Светлана Кузнецова 32
      Наша улица была односторонней, то есть с одной стороны домА, а с другой -плетень, как в украинских хуторах. За плетнём громадный сад колхоза "Заря" Там росли яблони, китайки, крыжовник, смородина и необъятное поле клубники. А ещё были ворота, за которыми располагались конюшни и небольшой домик фронтовика дяди Миши. У него было пятеро детей. Среди них Валька - моя лучшая подруга. Мы часто играли с ней в саду, под яблоней с очень вкусными яблоками.

      Дядя Миша был конюхом. Утром он запрягал лошадей и отдавал приходившим возницам.
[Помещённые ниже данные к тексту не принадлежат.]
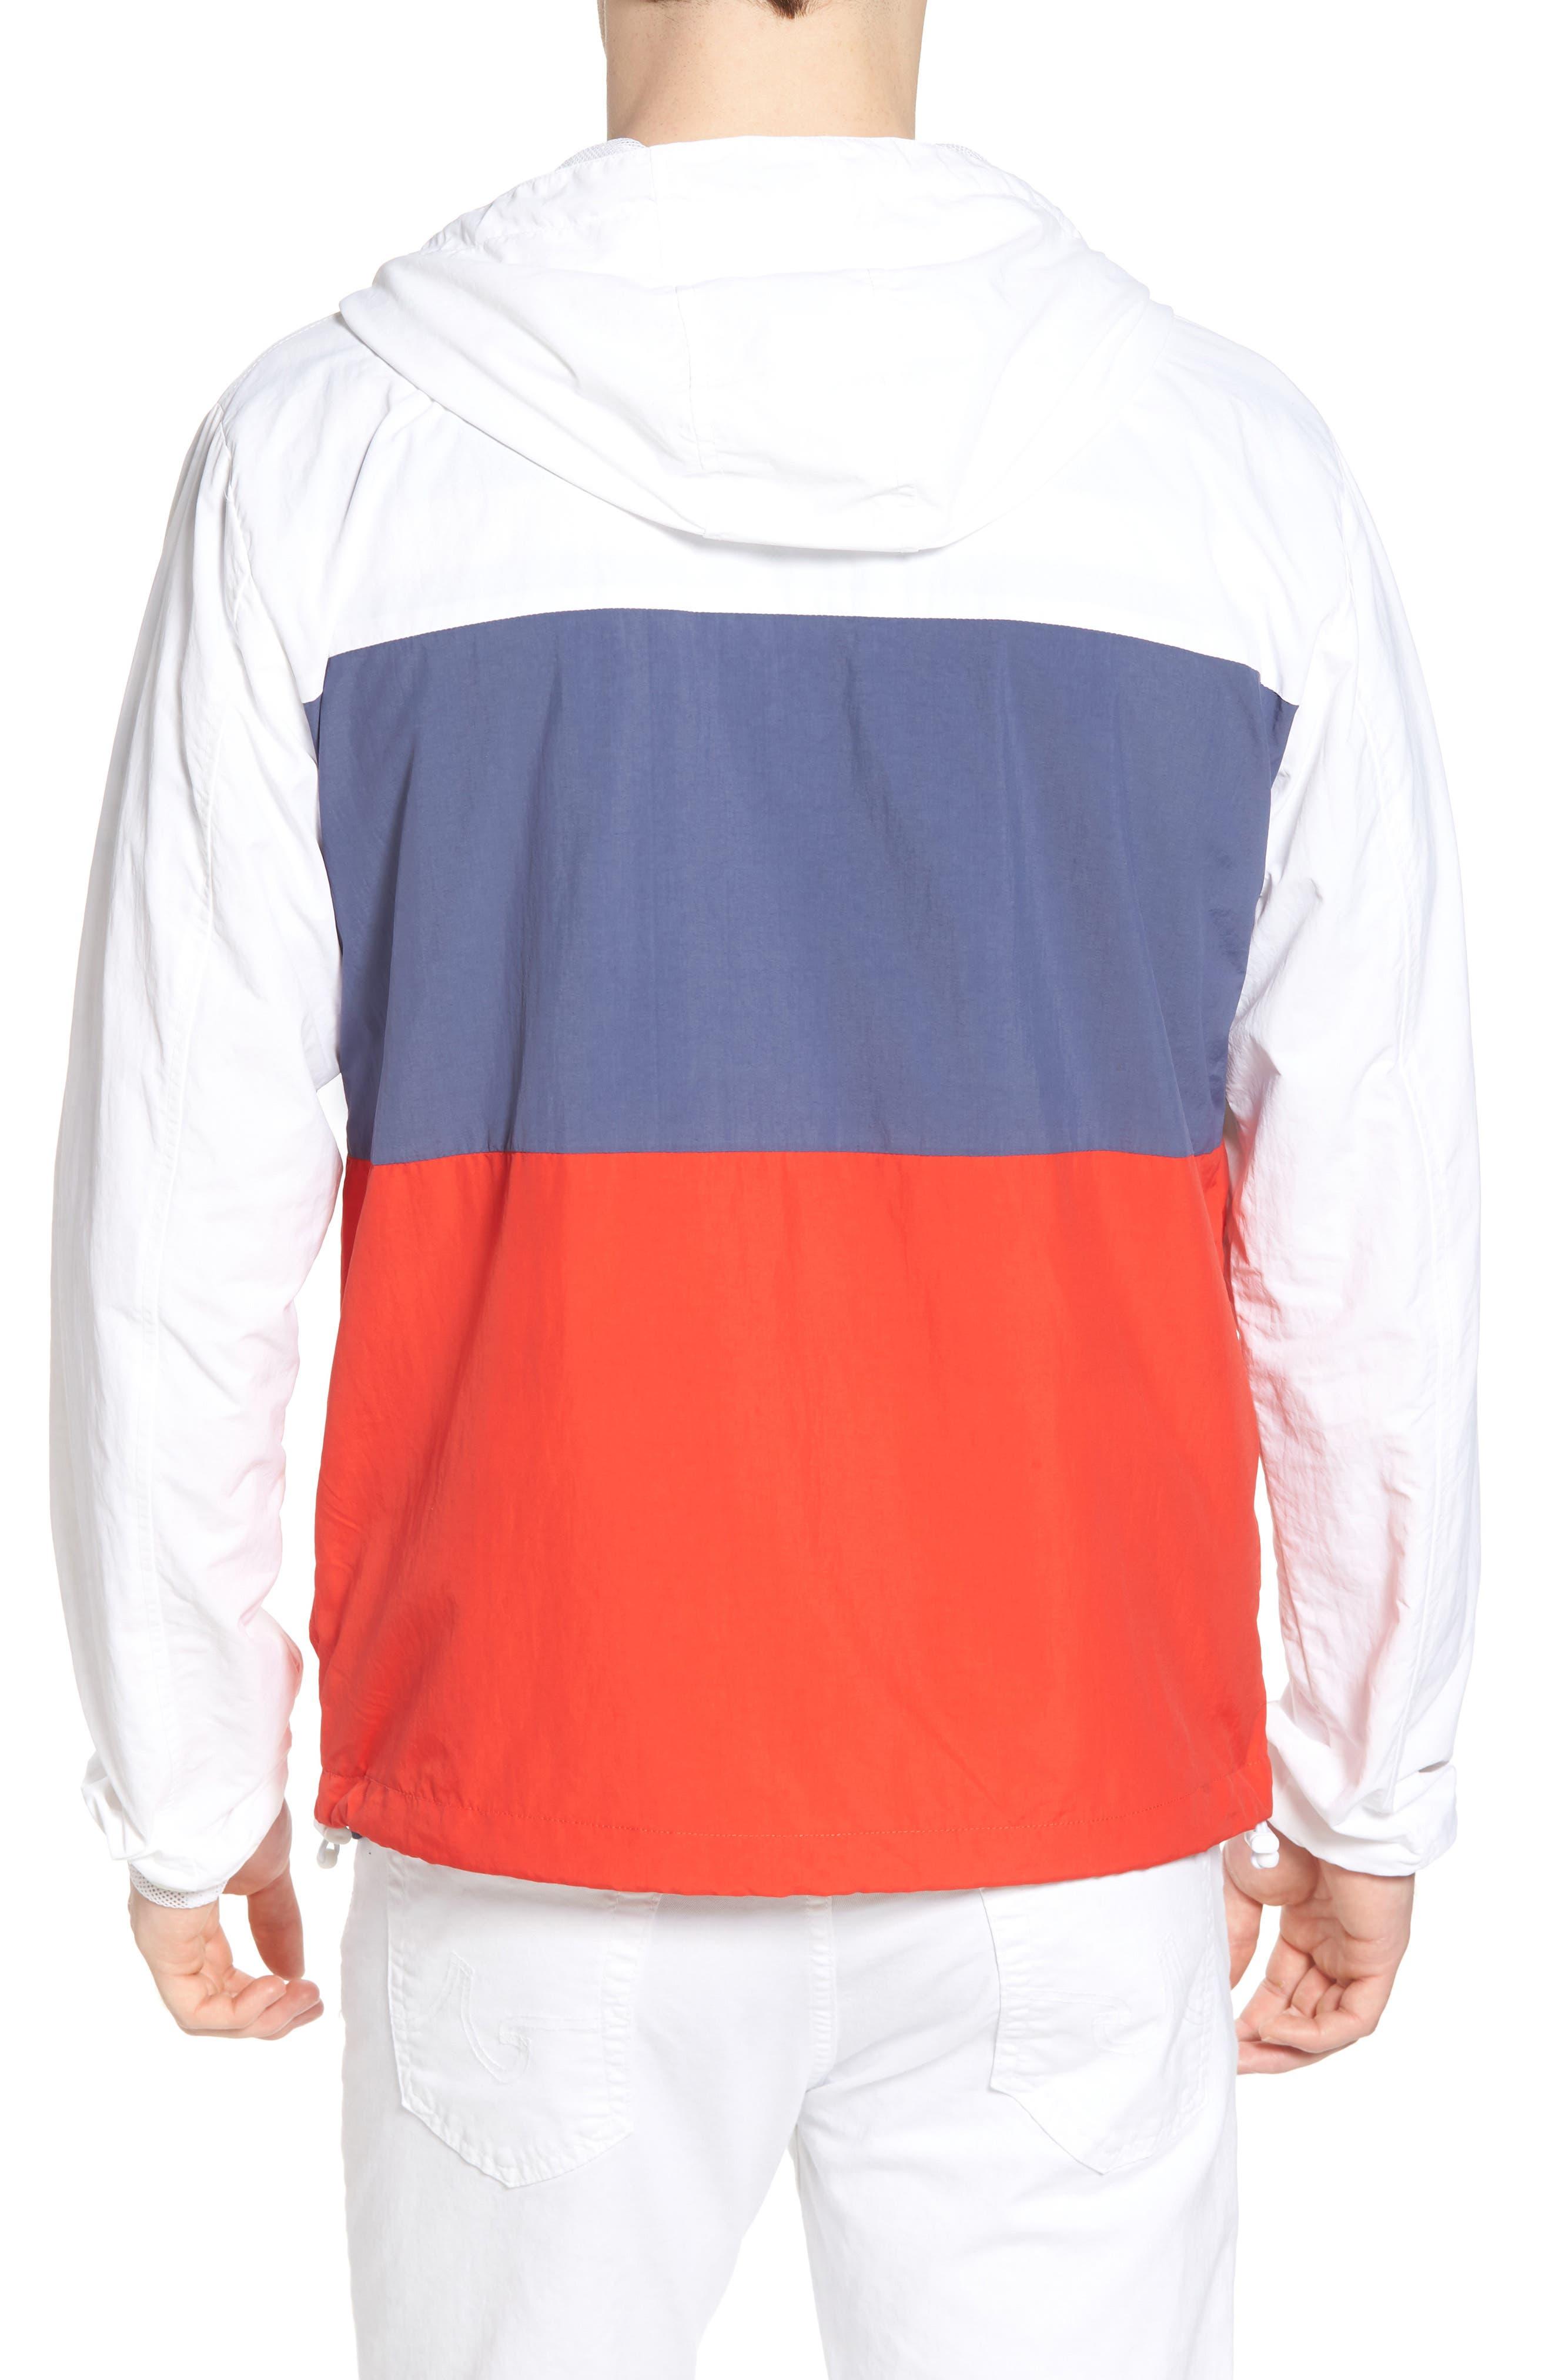 Alosa Colorblock Jacket,                             Alternate thumbnail 2, color,                             White

А потом под длинным навесом со своим напарником они сбивали ящики из одинаковых дощечек. Целый день стоял неумолчный стук молотков. Вечером, когда лошади возвращались, дядя Миша распрягал их, подводил к корыту, выдолбленному из цельного дерева и стоявшего на столбиках, рвал пук травы и, как мочалкой, обмывал им бока, спины. Потёртости смазывал мазью. Осматривал копыта - все ли на месте подковы. И только тогда отводил животных в конюшню, кормил.

      Я любила наблюдать за тем, как дядя Миша ухаживал за лошадьми, что-то приговаривая. Может, они понимали его, потому что поворачивали острые ушки в ту сторону, где он находился. Иногда отфыркивались, будто не соглашались в чём-то с конюхом - Ну, вот ещё! Ишь, чего удумала! - говорил дядя Миша и снисходительно похлопывал лошадку по морде, пахнущую скошенным сеном.

      Как-то я приболела и не приходила в сад, к Вальке. Но зато она сама пришла ко мне и стала взахлёб рассказывать, что у них появилась новая лошадка. Мол, раньше она работала в цирке. Может ходить на задних ногах. Я, честно говоря, усомнилась. Валька была известной врушкой.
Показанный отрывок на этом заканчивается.